Mmm, sono d'accordo con pebblespebbles e credo che sia anche il caso di prendere in considerazione l'input di artichoke, e cioè: visto che si tratta di un'espressione metaforica, perchè non tradurla letteralmente? O con qualcosa che renda lo stesso concetto? Incendiato dal Signore/ Pieno del fuoco del Signore/  Che arde per il Signore/ Una fiaccola luminosa o cose del genere...


----------



## Passante

Mary49 said:


> Non si può dire "Quell'uomo è un vero fervente", dato che "fervente" non rientra tra i sostantivi, mentre gli altri esempi che hai dato vanno bene perché possono essere anche sostantivi.

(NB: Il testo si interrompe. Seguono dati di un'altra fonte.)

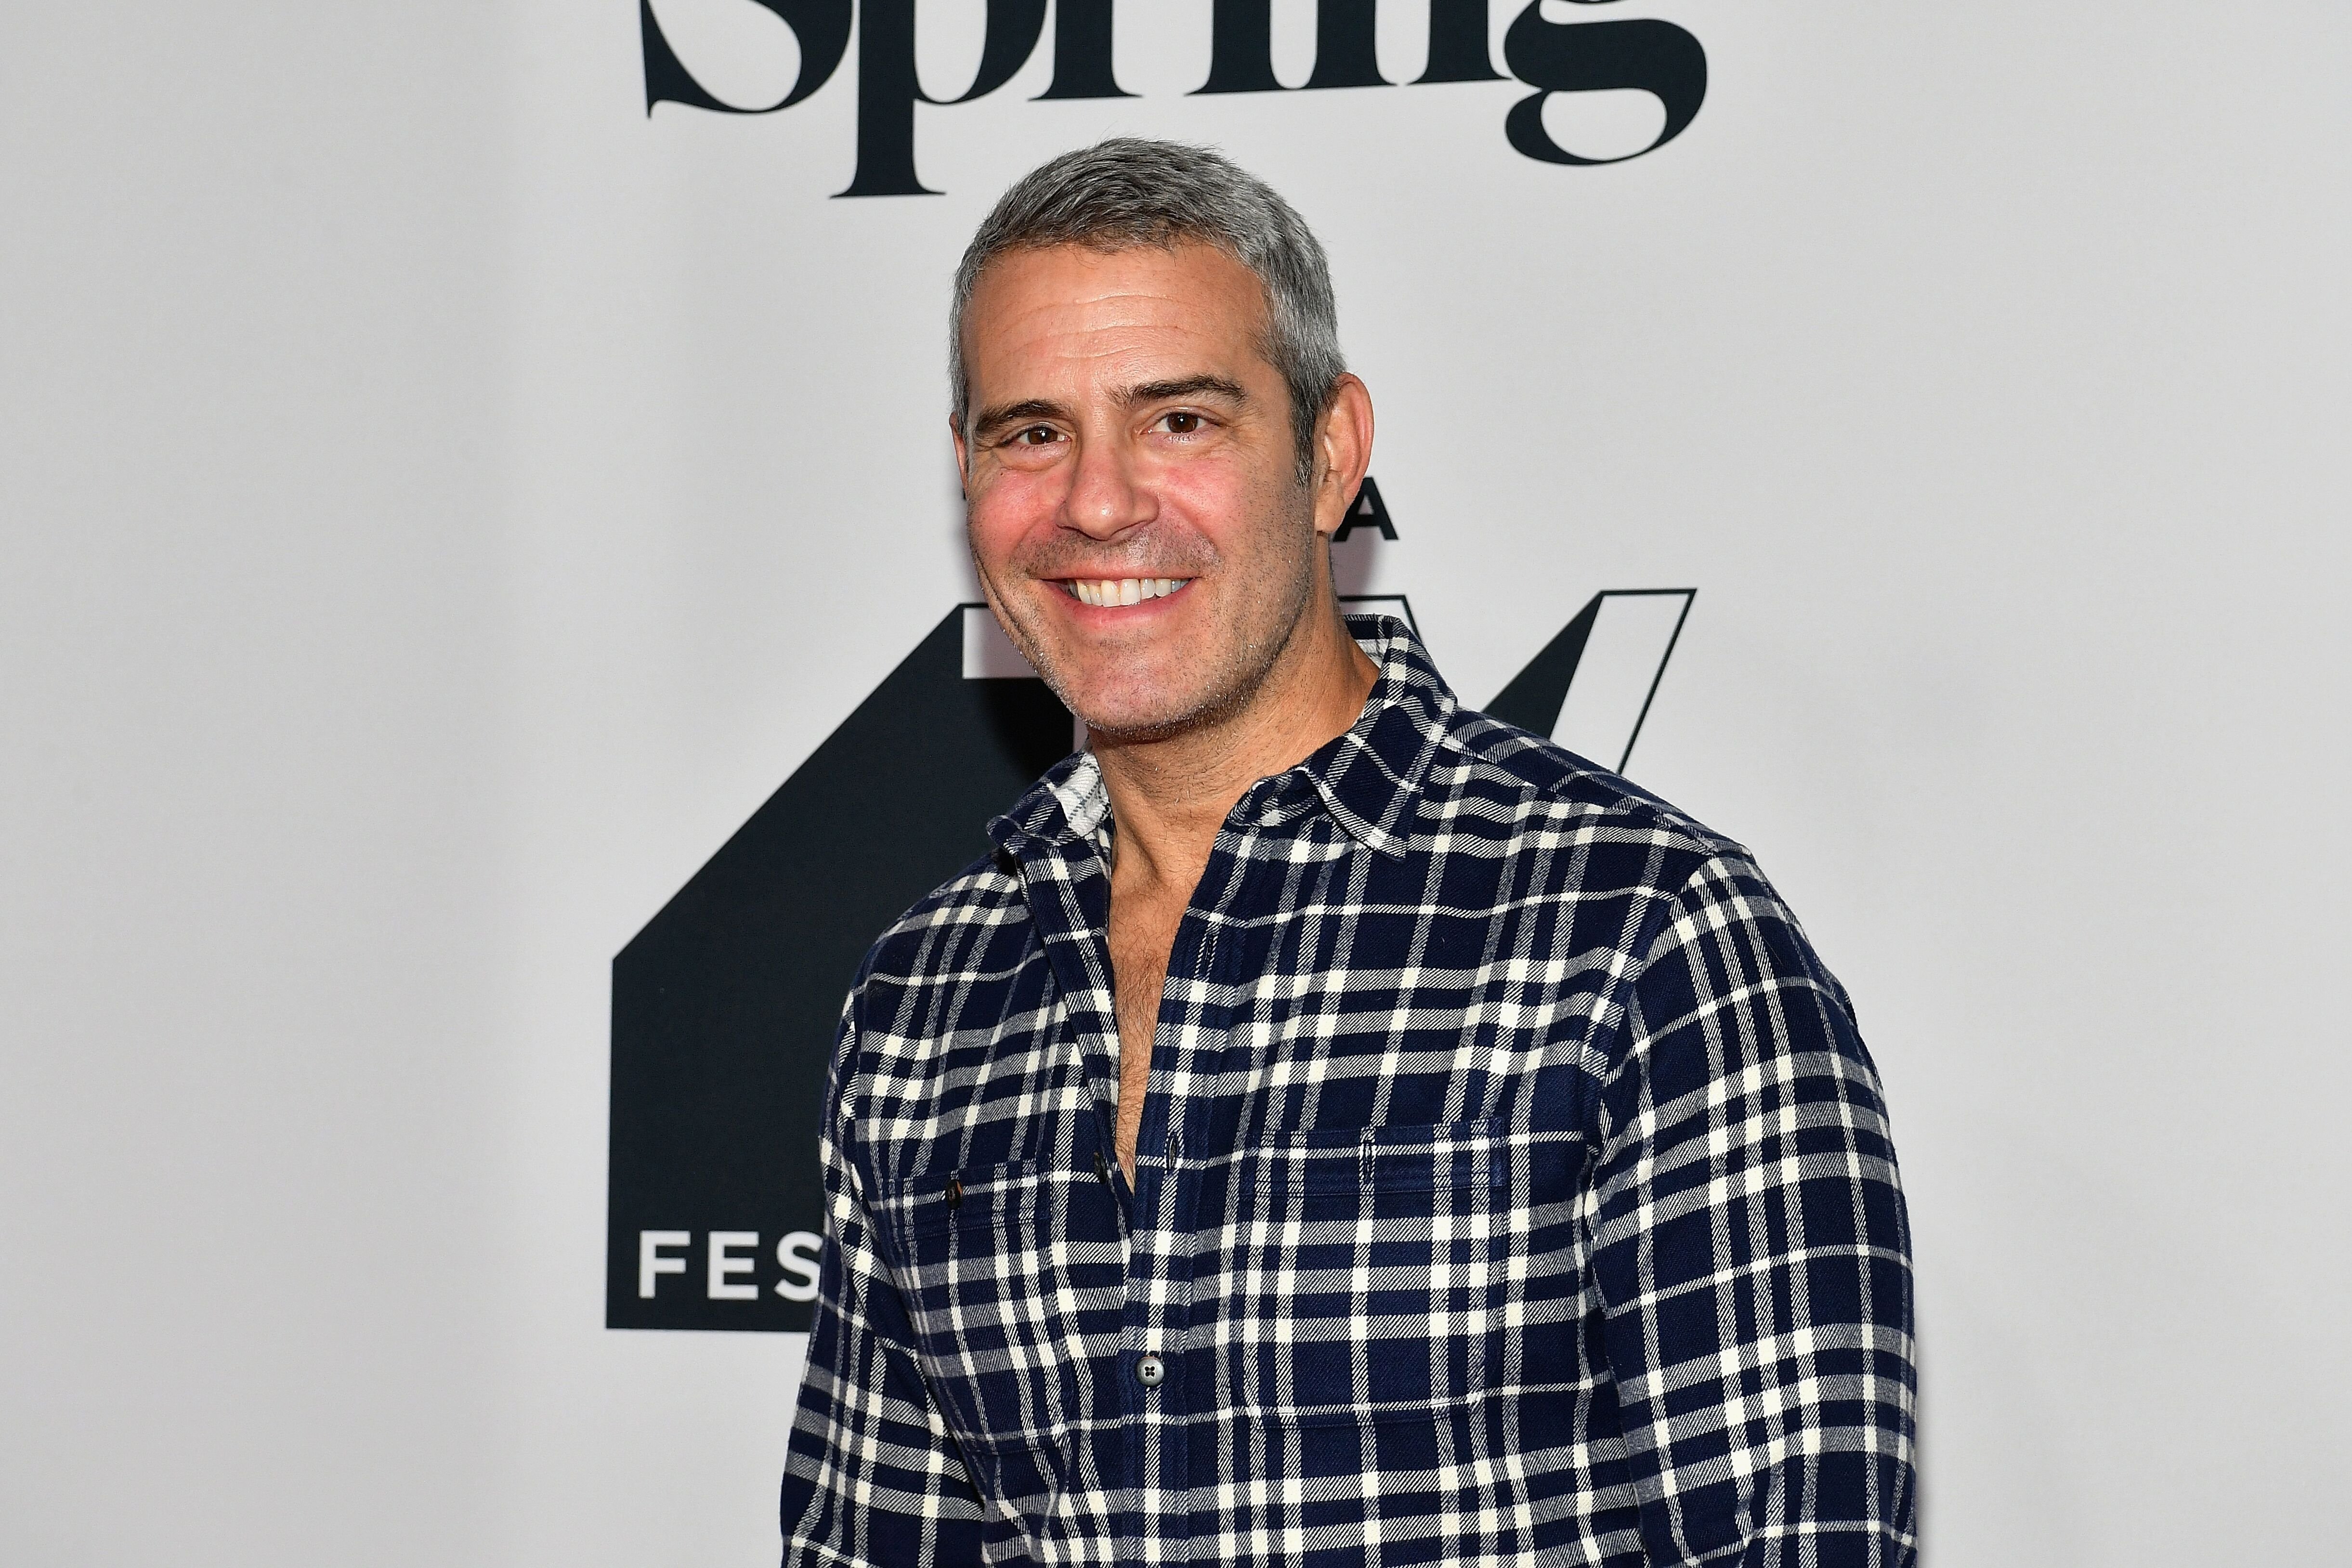 Andy Cohen attends the Tribeca talks panel during the 2018 Tribeca TV Festival at Spring Studios on September 23, 2018 in New York City. | Photo: Getty Images
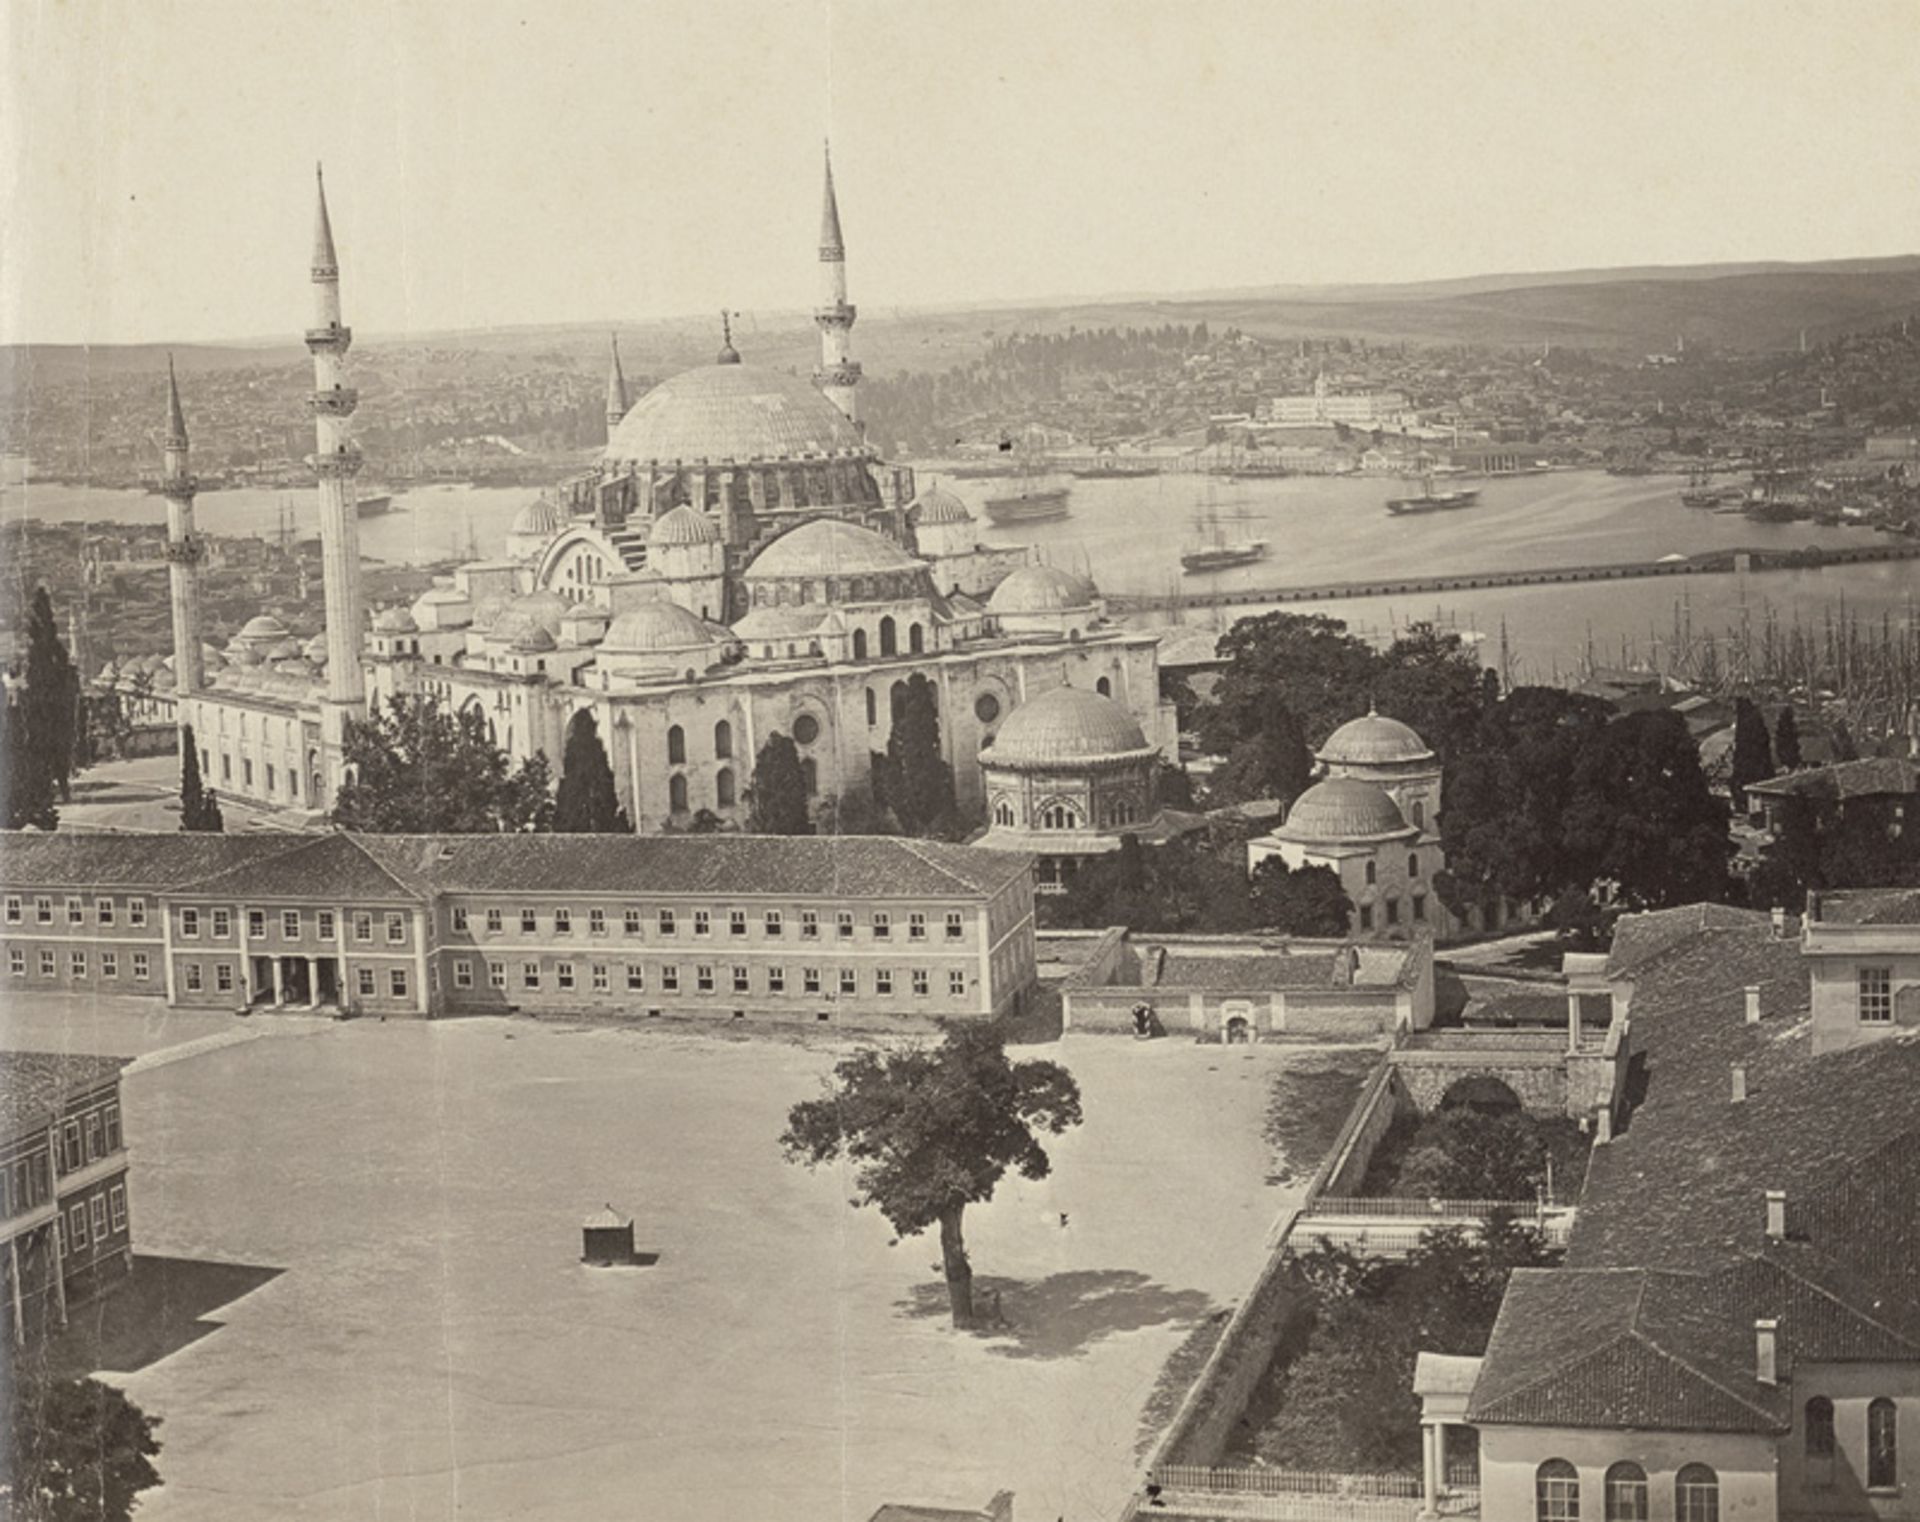 Robertson, James and Felice Beato: Panorama of Constantinople

SOSTANTIVATI, AGGETTIVI in "La grammatica italiana"
Impariamo!: Utilizzo del participio presente


----------



## Pietruzzo

Passante said:


> SOSTANTIVATI, AGGETTIVI in "La grammatica italiana"
> Impariamo!: Utilizzo del participio presente


Già sapevamo che molti aggettivi e participi possono essere utilizzati come sostantivi, ma non tutti. Direi "È un fervente devoto del Signore" ma non "È un fervente del Signore"


----------



## Passante

Pietruzzo said:


> Già sapevamo che molti aggettivi e participi possono essere utilizzati come sostantivi


Se non erro
Una retta di un fascio =una linea retta di un fascio
Un fervente di Dio = un uomo fervente di Dio
Gli aggettivi sostantivati si creano anche togliendo il sostantivo noto.
Magari si potrebbe inserire la maiuscola per meglio evidenziarlo ' è un Fervente', ma non mi risulta un obbligo.


----------



## Mary49

Guarda che "retta" è un sostantivo, "fervente" non lo è. Non capisco l'ostinazione...


----------



## Passante

Mary49 said:


> Guarda che "retta" è un sostantivo, "fervente" non lo è. Non capisco l'ostinazione...


Giuro che è l'ultima, ma mi pare impossibile. 
Nella folla dei presenti in preghiera si alzò un adorante della Madonna che inneggiò un cantico. Era chiaro a tutti che fosse un Fervente, ma non era necessario che lo mostrasse platealmente a tutti. 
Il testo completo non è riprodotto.